[[ SOURCE INFORMATION open ]]

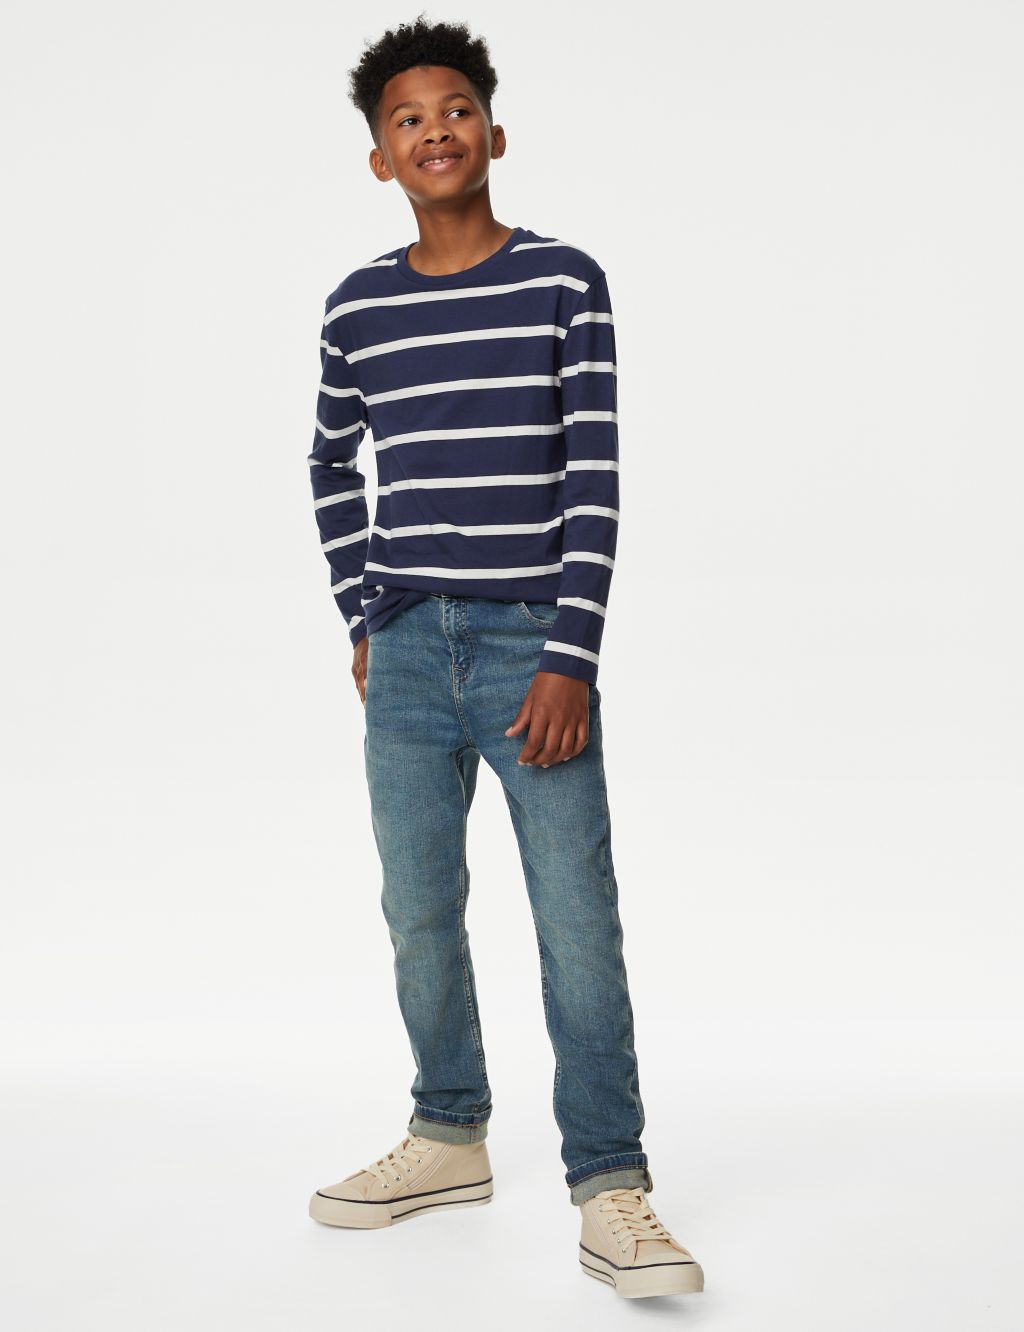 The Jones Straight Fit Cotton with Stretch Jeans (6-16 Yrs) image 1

[[ SOURCE INFORMATION closed ]]
[[ SOURCE INFORMATION open ]]

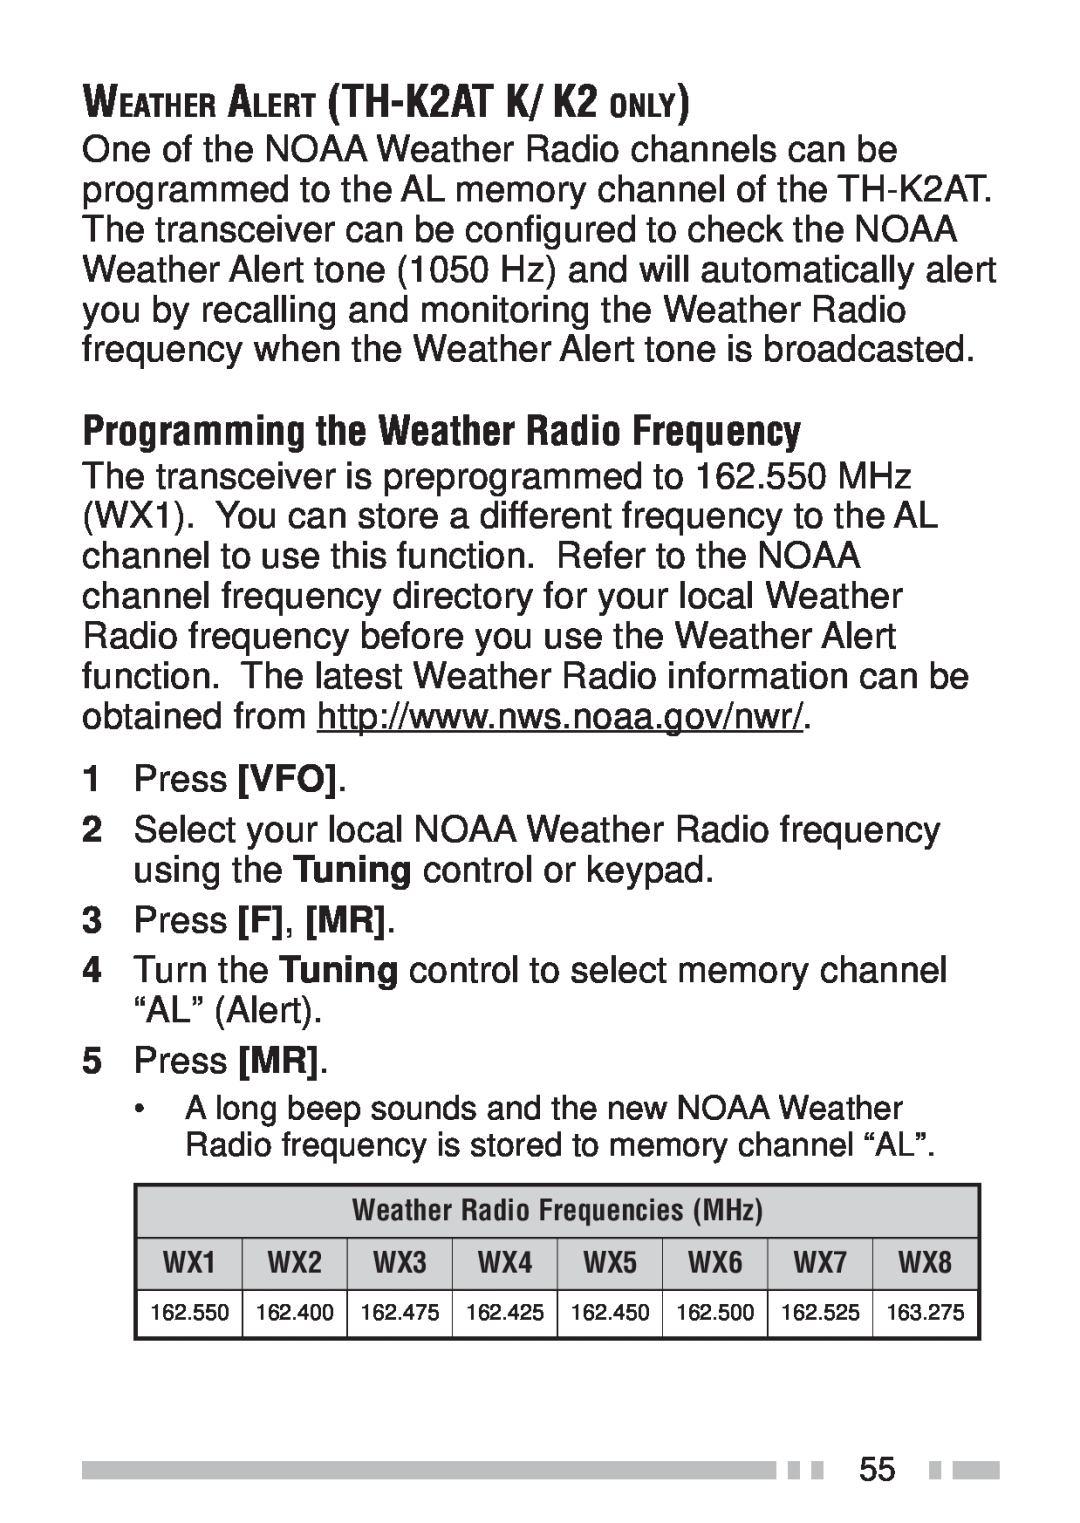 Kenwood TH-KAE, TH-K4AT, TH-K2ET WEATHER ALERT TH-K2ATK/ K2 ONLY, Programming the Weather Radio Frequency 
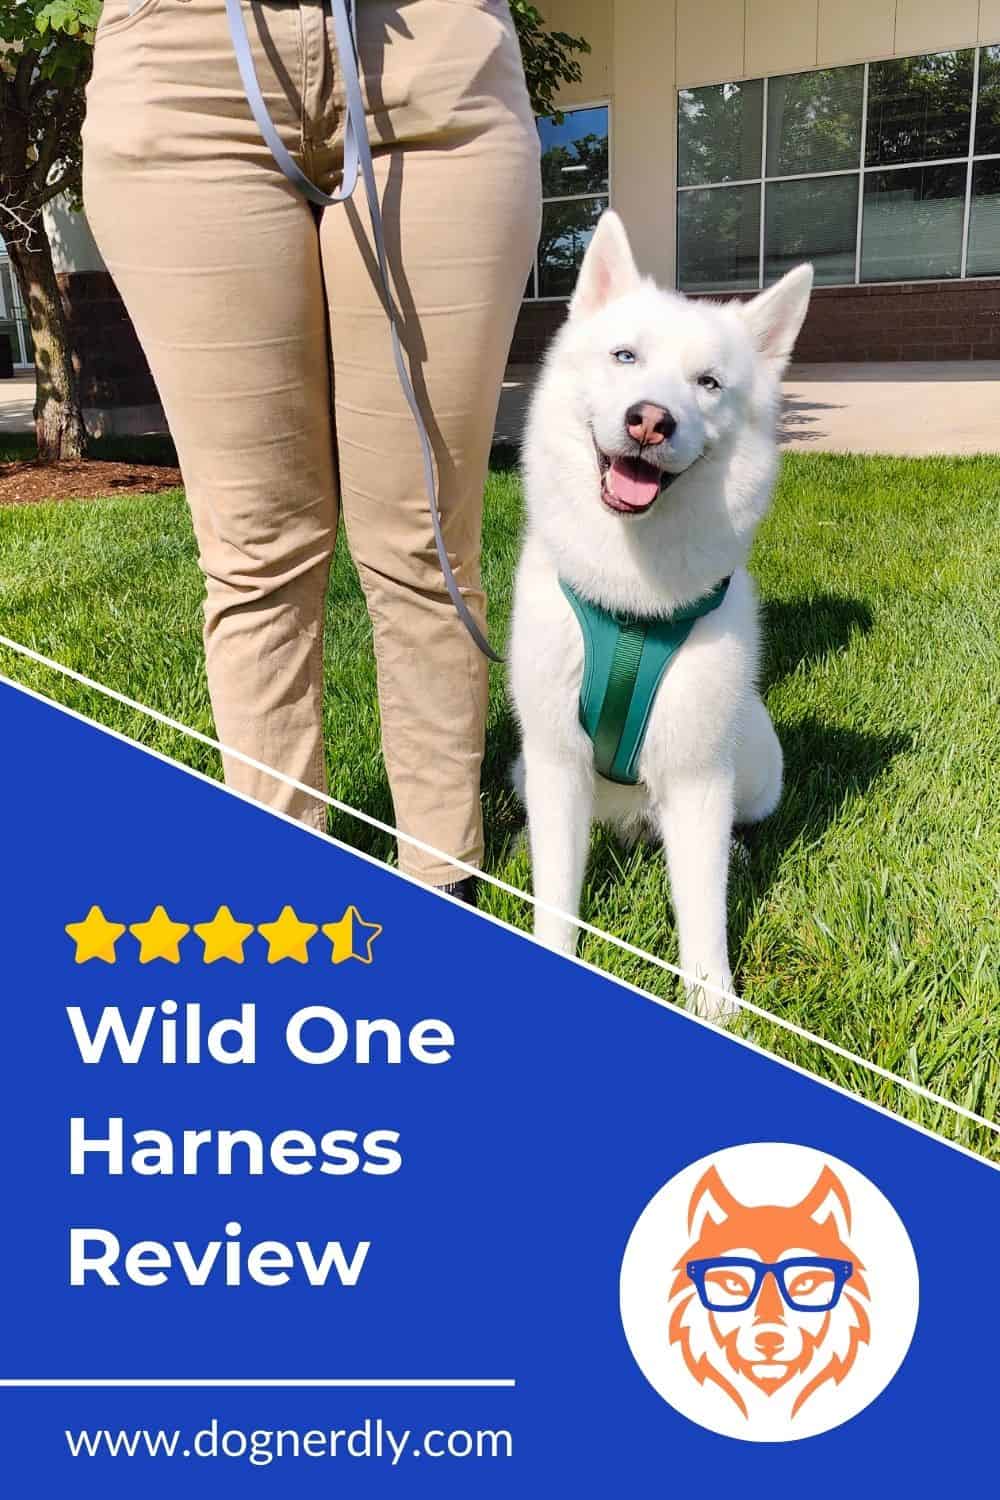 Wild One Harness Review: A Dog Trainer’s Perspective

[[ SOURCE INFORMATION closed ]]

What do the entries above read from the line containing "Kenwood TH-KAE, TH-K4AT, TH-K2ET" through the line containing "Wild One Harness"? Output those lines exactly, both ends included, with the pictures left out.

 Kenwood TH-KAE, TH-K4AT, TH-K2ET WEATHER ALERT TH-K2ATK/ K2 ONLY, Programming the Weather Radio Frequency 
 Wild One Harness Review: A Dog Trainer’s Perspective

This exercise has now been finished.